It 's a bad time to write on the blog.
say that I'm back to work is an understatement.
But I want to upgrade, mostly to make you see all the little things that I put new.
here. There
->
<- Là
Details of an obsessive compulsive set for the tiny, insignificant things like the stupid icons.
How cute they are, however, eh? Eh? EH?
All this to say what?
Uhm ... I do not remember. In fact, this post had to have a deeper sense of the mundane that make blatant adjustments ... ah! Yes I remember now.
A little dialogue had to Apple .
I recently discovered that my silly dialogues sbellicare do people who diligently - and let's put clear by now, are very few - follow this asshole of the world that is my blog.
comes in so bad I do not often surreal situations worthy to be remembered, so updates on that can not be scarce.
Because, remember, things that I DO NOT write them up.
And this should make you think.
Apple Store Carugate
Background: I was fucking the battery and I have to buy a new one.
within the store - as always full - I do off assholes among children who bite the corners of ' iPhone, rincitrulliti you wonder how the Ipad bendiddio be all that it is, and we feel with wooden shoes salespeople.
of that is always full. The Nerd attracted after Big Bang Theory.
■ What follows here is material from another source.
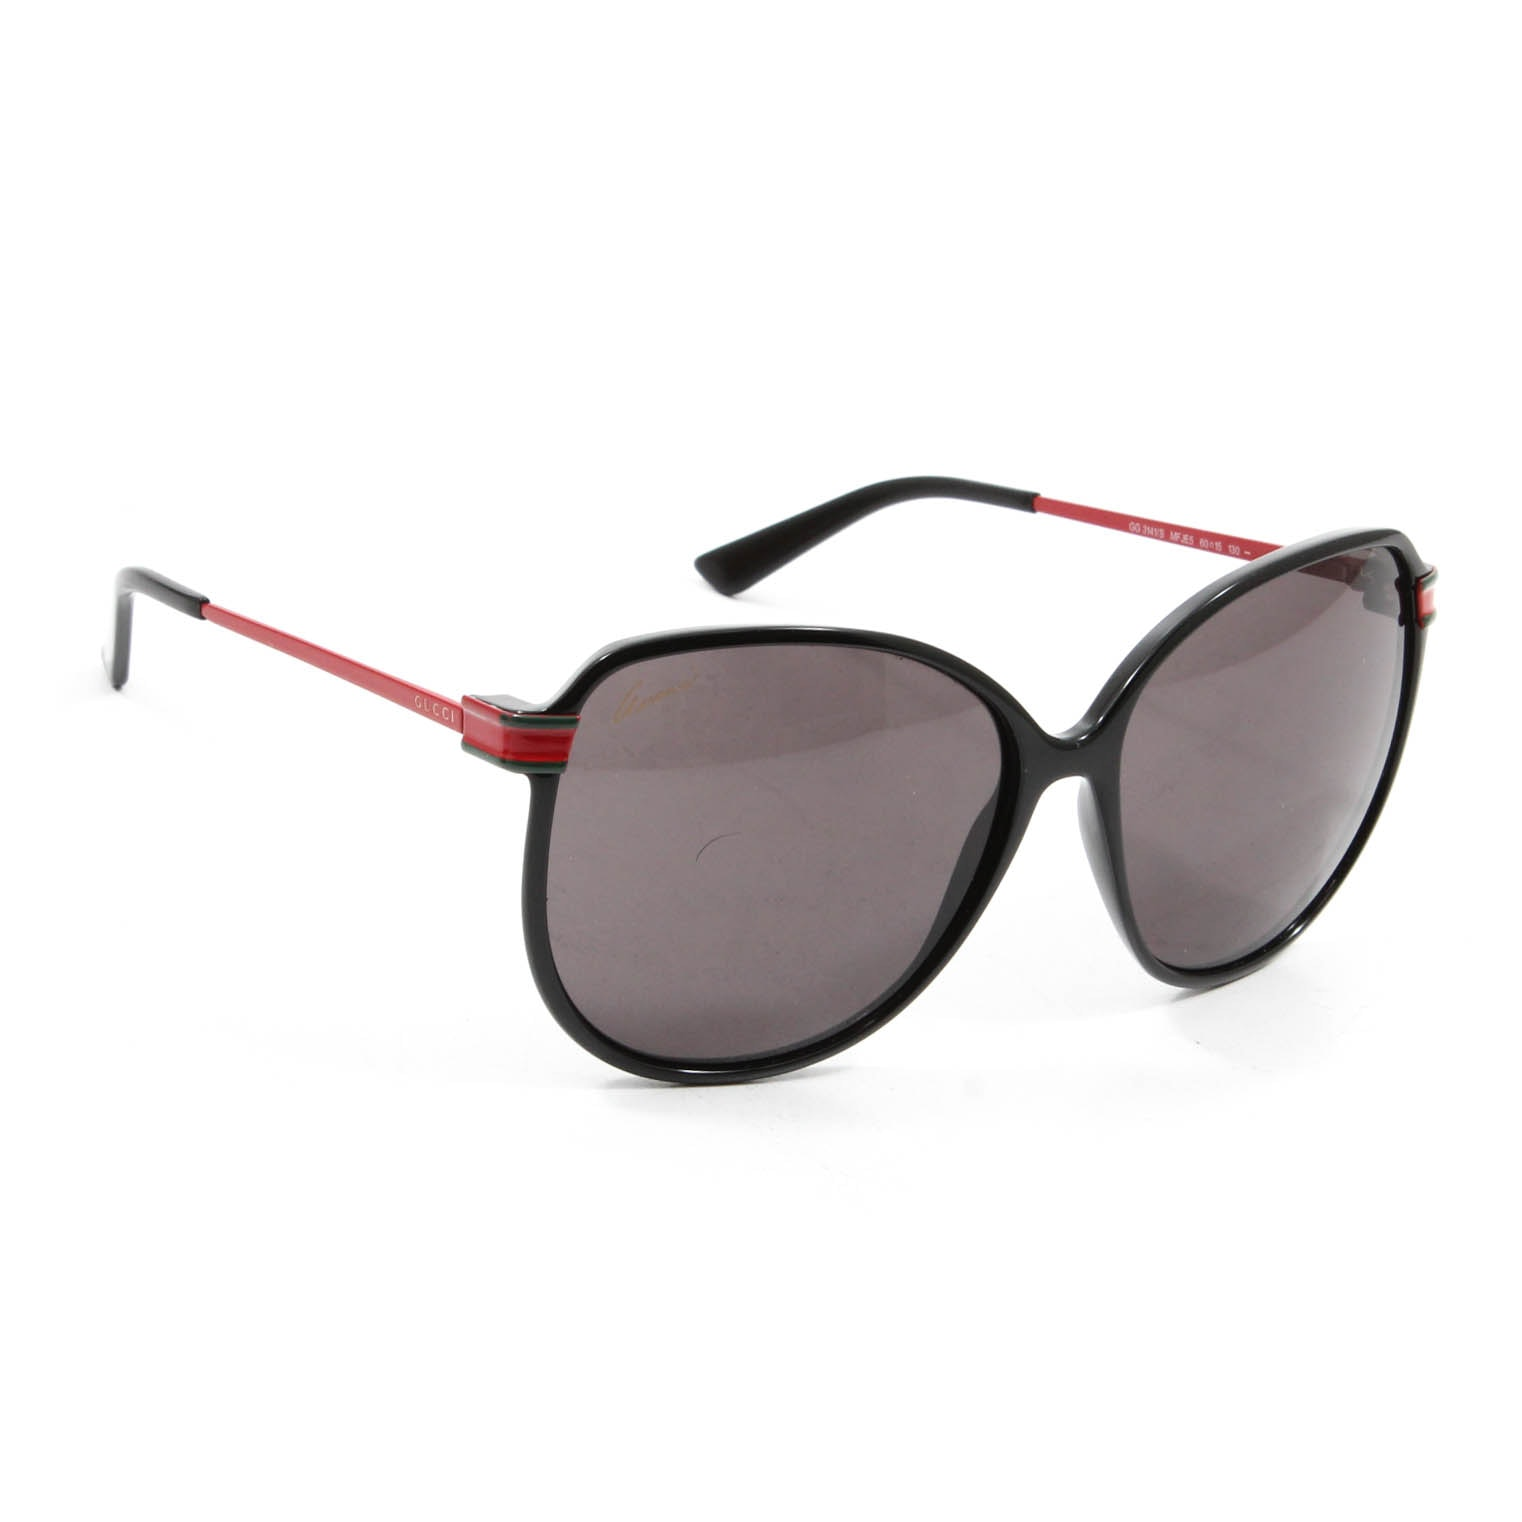 Gucci GG 3141/S Sunglasses

However, in this hell - because hell if we can say that there really is a mix of Ikea, the Esselunga during the sale of the fish of the five December 24, and the Apple Store - develop a committed and violent.
" Sorry!"
" Yes?"
" I need this,''the Pro 17" Monster battery
"Ah, yes.'ve Got it."
"Where?" Why not 'I found ... " lied, I have not even sought. In that chaos also figured if I start to look!
"The we back in stock. You want do you take one? "
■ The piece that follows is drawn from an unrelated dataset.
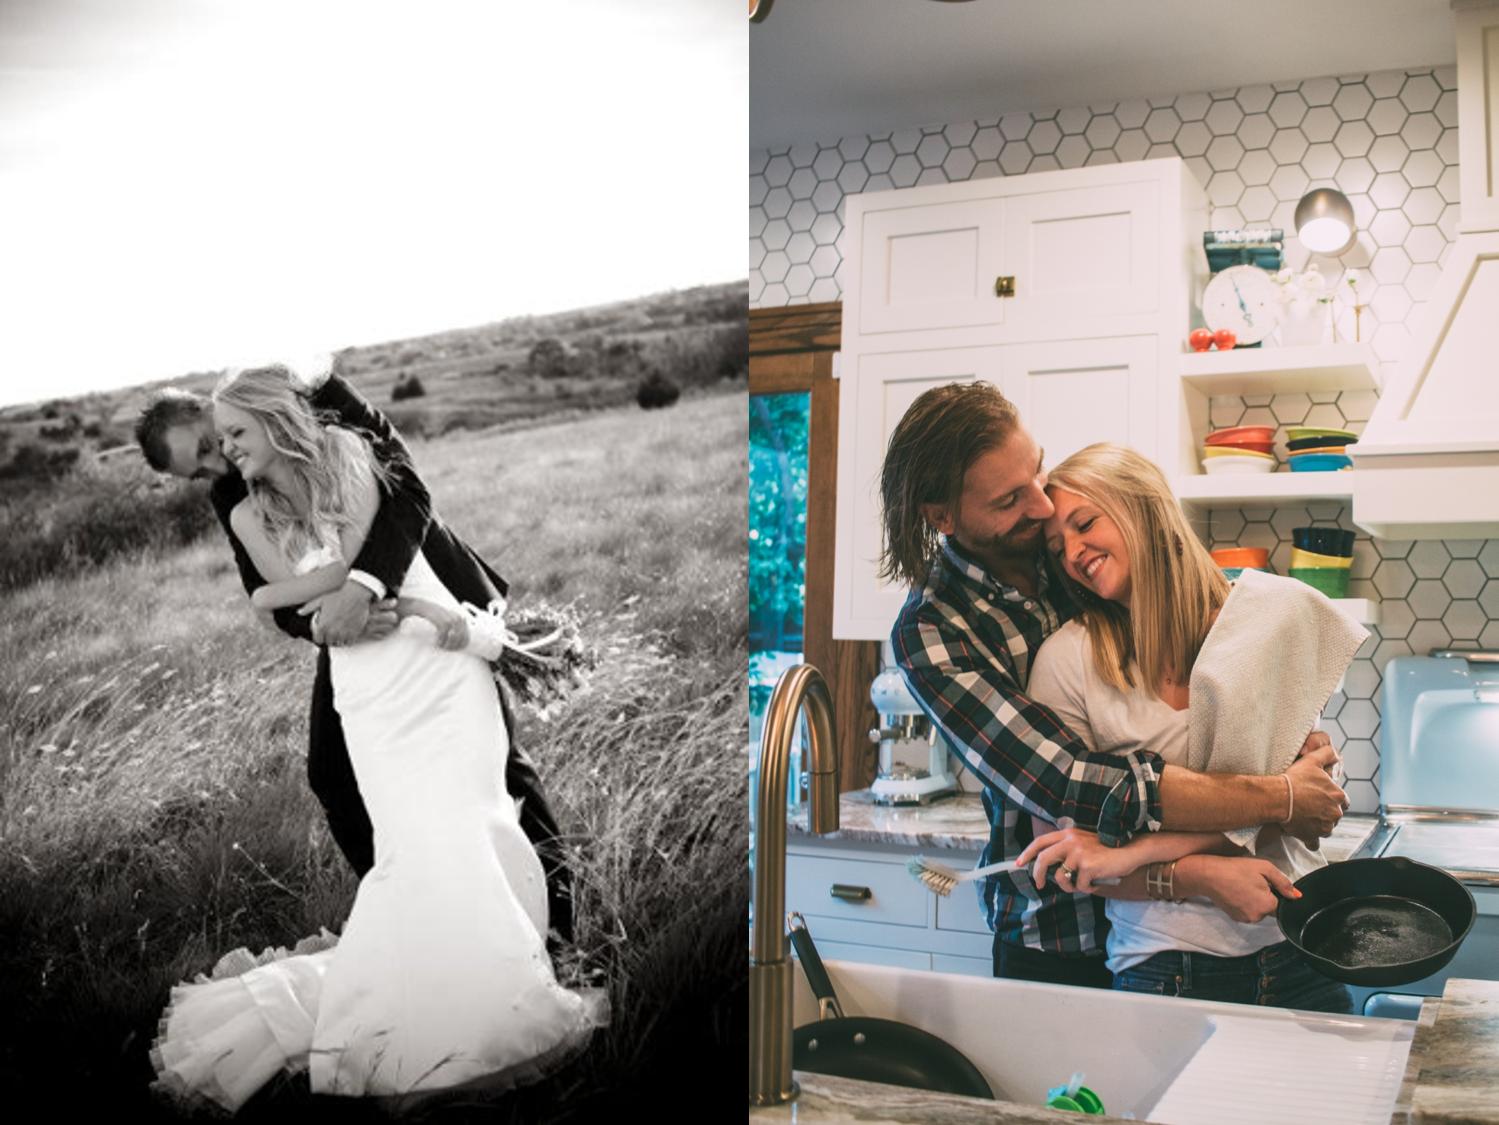 10 year anniversary creative photo recreation

am puzzled. Why ask for something, if he does not intend to buy it? What sense would it? However I smile and nod." S-yes, of course. Yes . "
" Okay, I'll be back. "He rubbed my battery and disappears for ten minutes.
back with my hand in new and extraordinary battery.
" It 's a little expensive, it costs 139 euro. "
Strizzi an eye for a sudden twitch, and nod "Yes, I knew. Okay. "
He looks at me a bit 'forbidden, does not seem to understand that I want a goddamn BATTERY "The take anyway?"
"Yes!" Eccheccazzo! What is not clear that the concept I want to buy a new battery?
He makes me do a few laps here and there in the store, pay with cash machines here, the ticket out of there, but the package is here. The only idiot I chose the Apple Store.
Really cool.
In the end, God willing, I pay, and I lose my eye on the ticket, € 125.
Now, a normal person would say: Have you paid less, shut up, lift your butt and go.
I, of course, from the top of my stupidity, I say: " Sorry ... but it is less "
" Yes, I know"
"... .. But you made me pay less
" I made 10% off! "
" Oh. Figo. Um ... and why? "
" It 's a standard discount for students. "
" It 's a standard discount for students. "
I admit I felt young for a second, but, on balance, I am 20 years does not show a bit more '. "But I'm not student"
"Oh, and what do you work?"
"Yes ..."
"graphics?"
"Say yes"
"Use Phothop?"
"Yes ... .."
"And are you a student?"
"... No"
Ride, like a poor idiot, give me a pat on the shoulder - A pat on the back! - And says "Let's say you are a student, huh? Nice day!"
I left there that I did not want to believe it.
And I'm still in doubt. I do not know if I think he simply wrong to make me a 10% discount, and then he made a joke, or did it with knowledge.
And I'm still in doubt. I do not know if I think he simply wrong to make me a 10% discount, and then he made a joke, or did it with knowledge.
But the fact remains that pat on the back that has me upset.
I hate you, and I love you, Apple Store.